Dr. Joseph Garland of Massachusetts General Hospital called Tuskegee Veterans Hospital “one of the best conducted. The two hospitals at Tuskegee probably comprise the most fertile field for clinical material that the Negro race possesses.” Patients were well cared for and registered no complaints.
Ward returned to Indianapolis in 1936 but was never able to return his sanitarium to its former level of prominence. Indianapolis had moved on; Ward’s Sanitarium was no longer the only viable option for the African American community. The Indianapolis City Hospital was beginning to desegregate and allow black doctors to practice medicine there. The costs of equipping a surgery facility had escalated, too.
Ward practiced medicine for another 15 years until his retirement. He died Dec. 12, 1956, at the West 10th Street Veterans Hospital (now Richard L. Roudebush VA Medical Center), following a stroke. He was buried next to his wife and son.
During his lifetime, this first-generation freedman became a successful physician, surgeon, entrepreneur, Army officer, hospital administrator, civic leader, and prominent member and commander of American Legion Post 107 in Indianapolis, all during the height of the Jim Crow era (1896-1954), between Plessy vs. Ferguson and Brown vs. Board of Education.

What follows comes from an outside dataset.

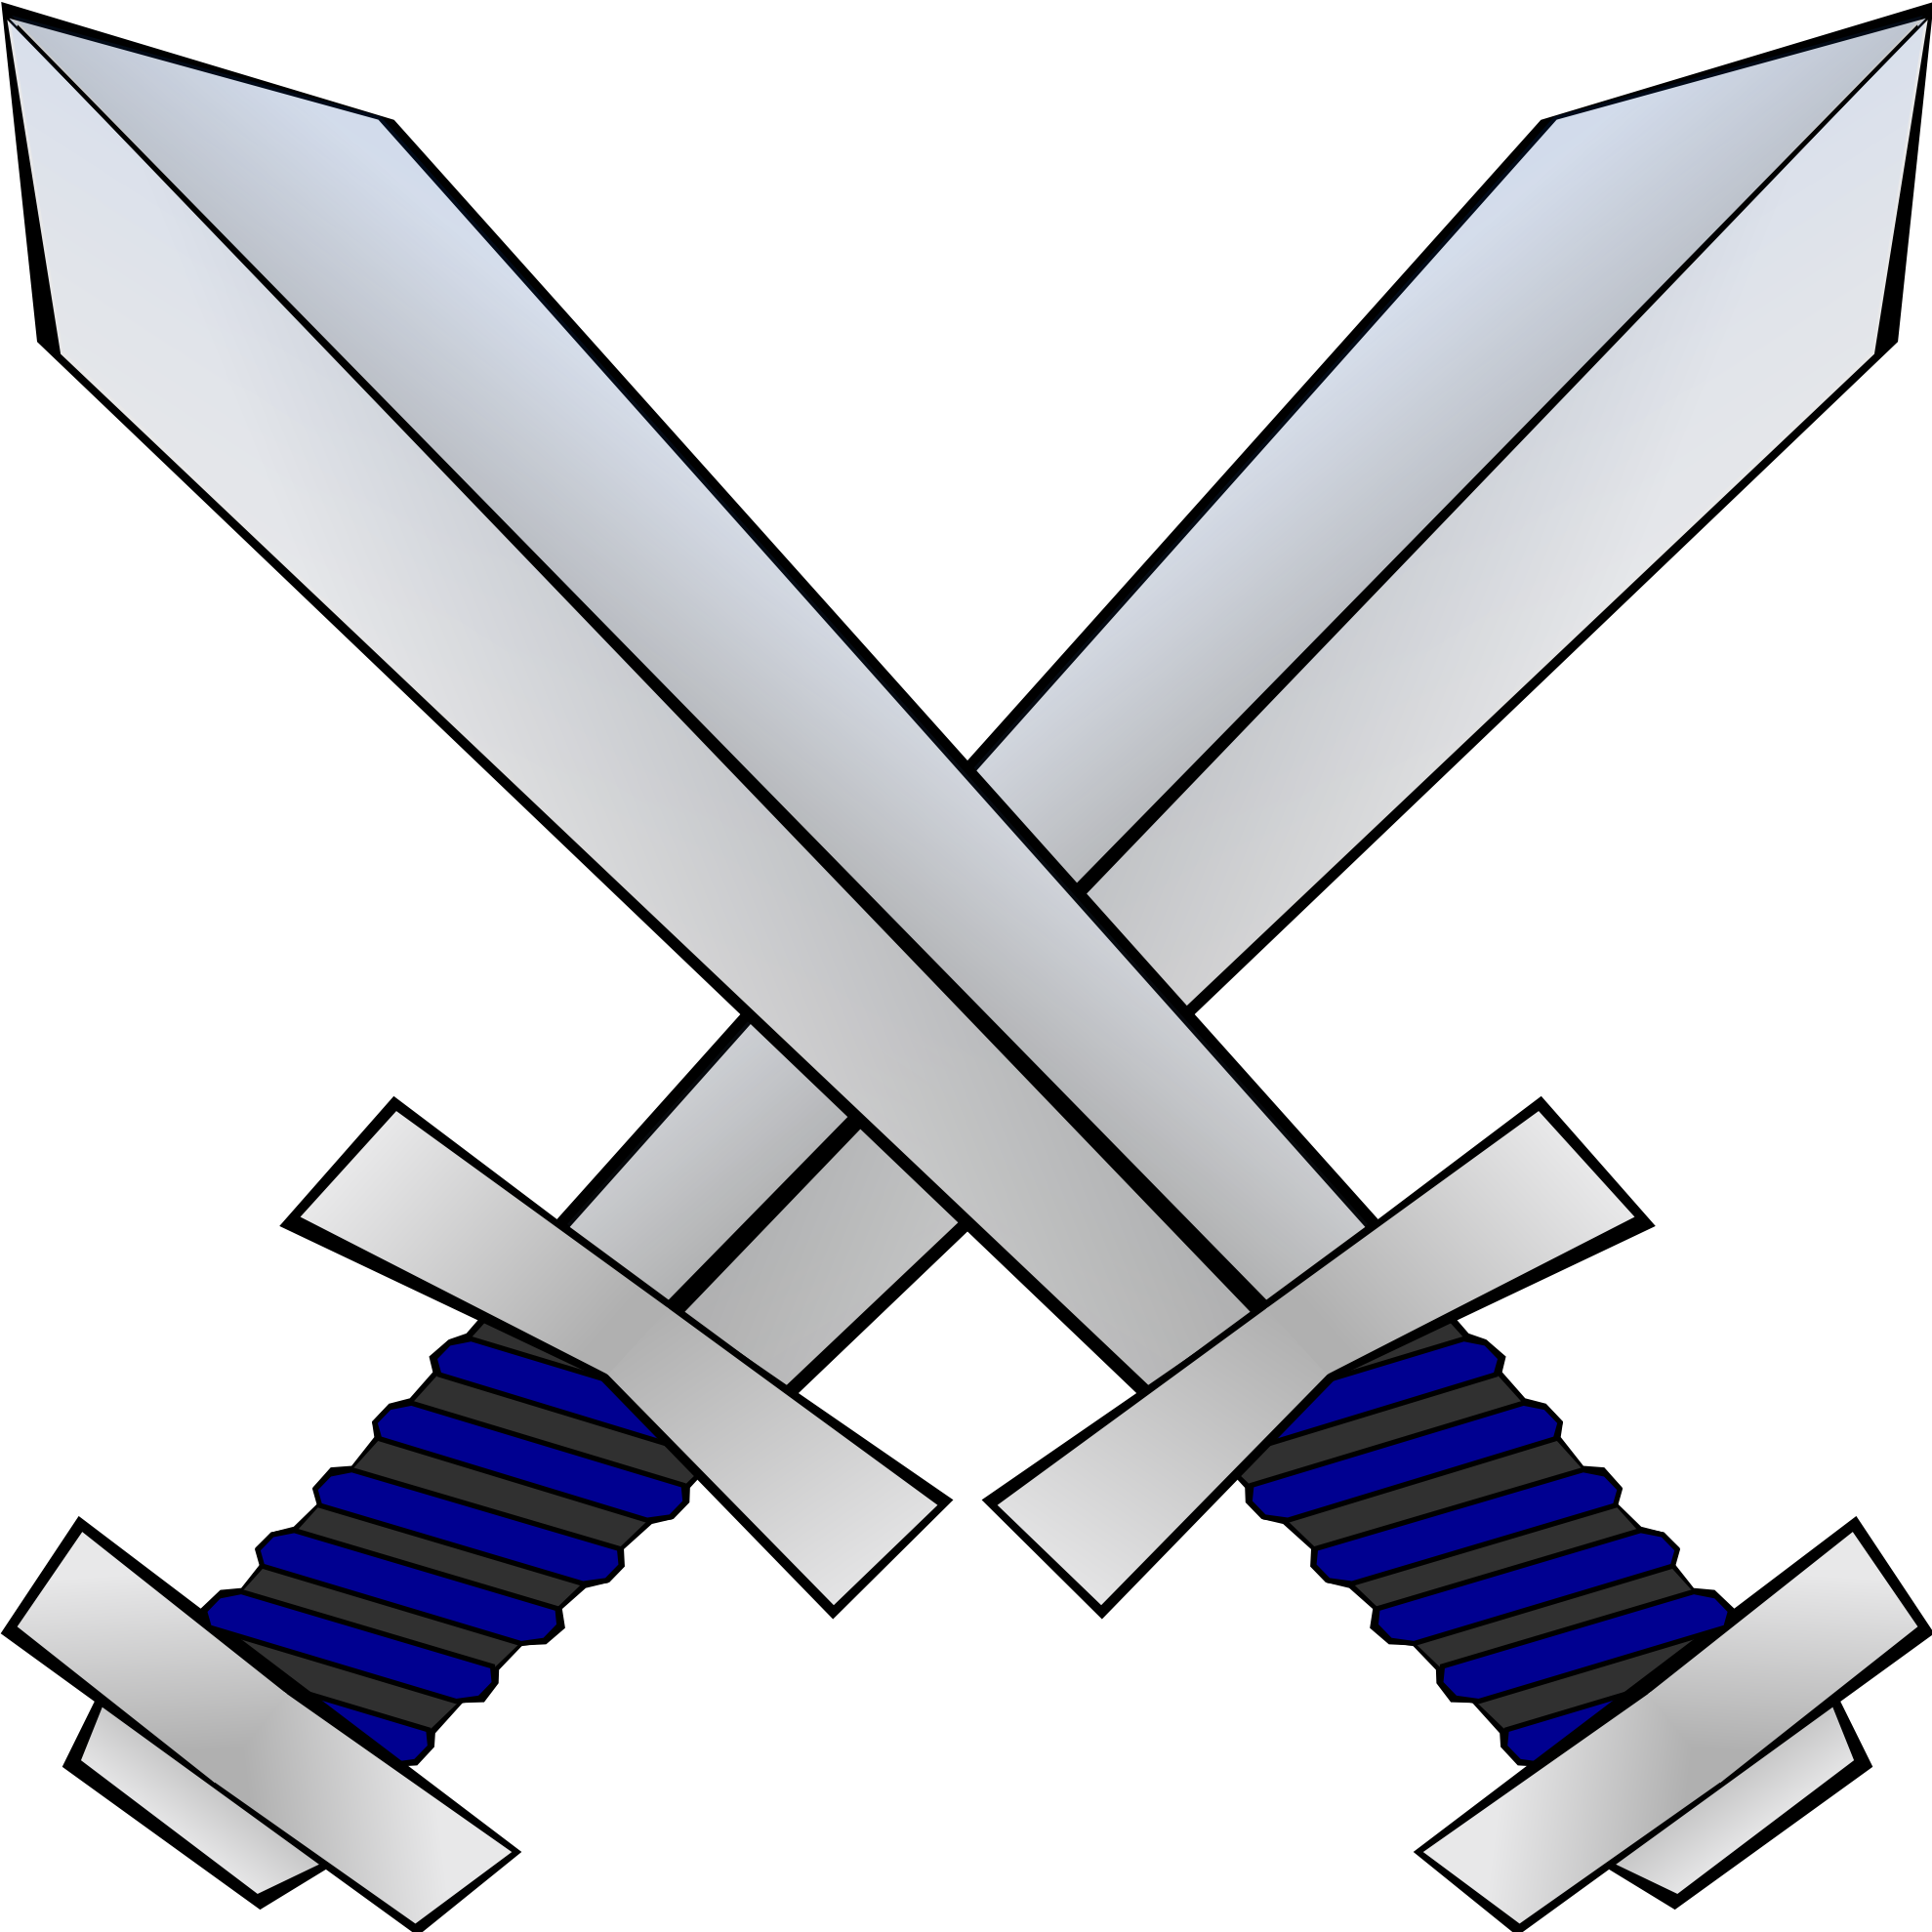 Clip art sword cliparts. Medieval clipart knight armor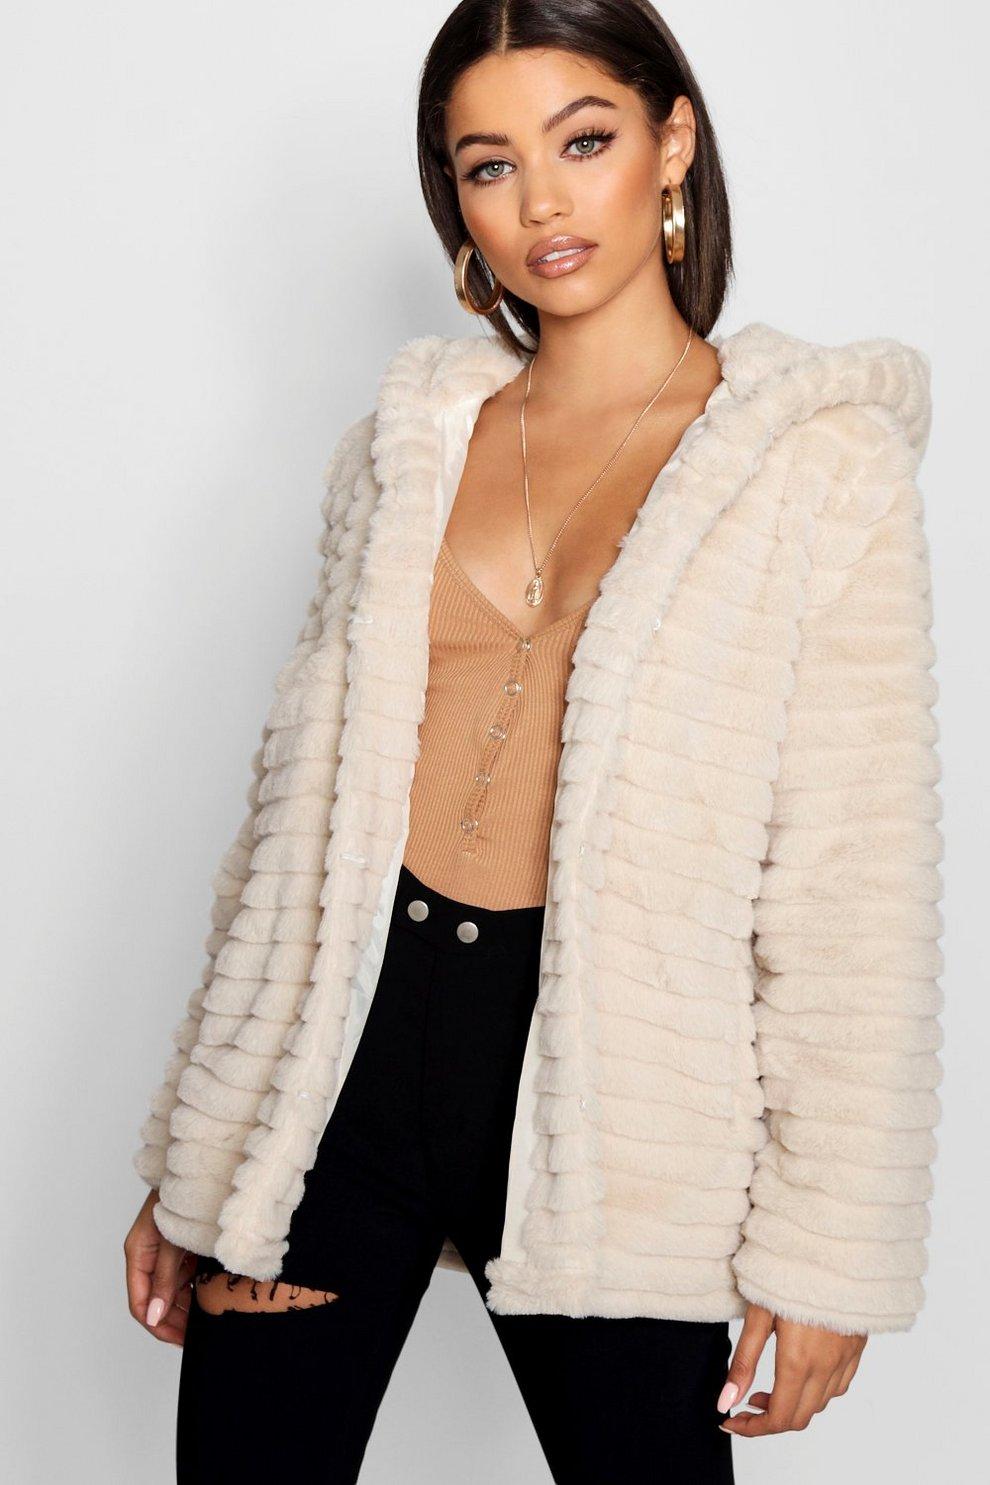 a95d51305095d Womens Cream Hooded Faux Fur Coat

In August 2019, the state of Indiana dedicated a historical marker at the former site of Ward’s Sanitarium commemorating his achievements. The marker’s installation and dedication would not have been possible without the emotional, financial and physical support of Broad Ripple American Legion Post 3 and Tillman H. Harpole American Legion Post 249, and members of the 11th District of Indiana.
Leon E. Bates is a Ph.D. candidate in the Department of History at Wayne State University in Detroit. He is an Army veteran and member of Broad Ripple American Legion Post 3 in Indianapolis.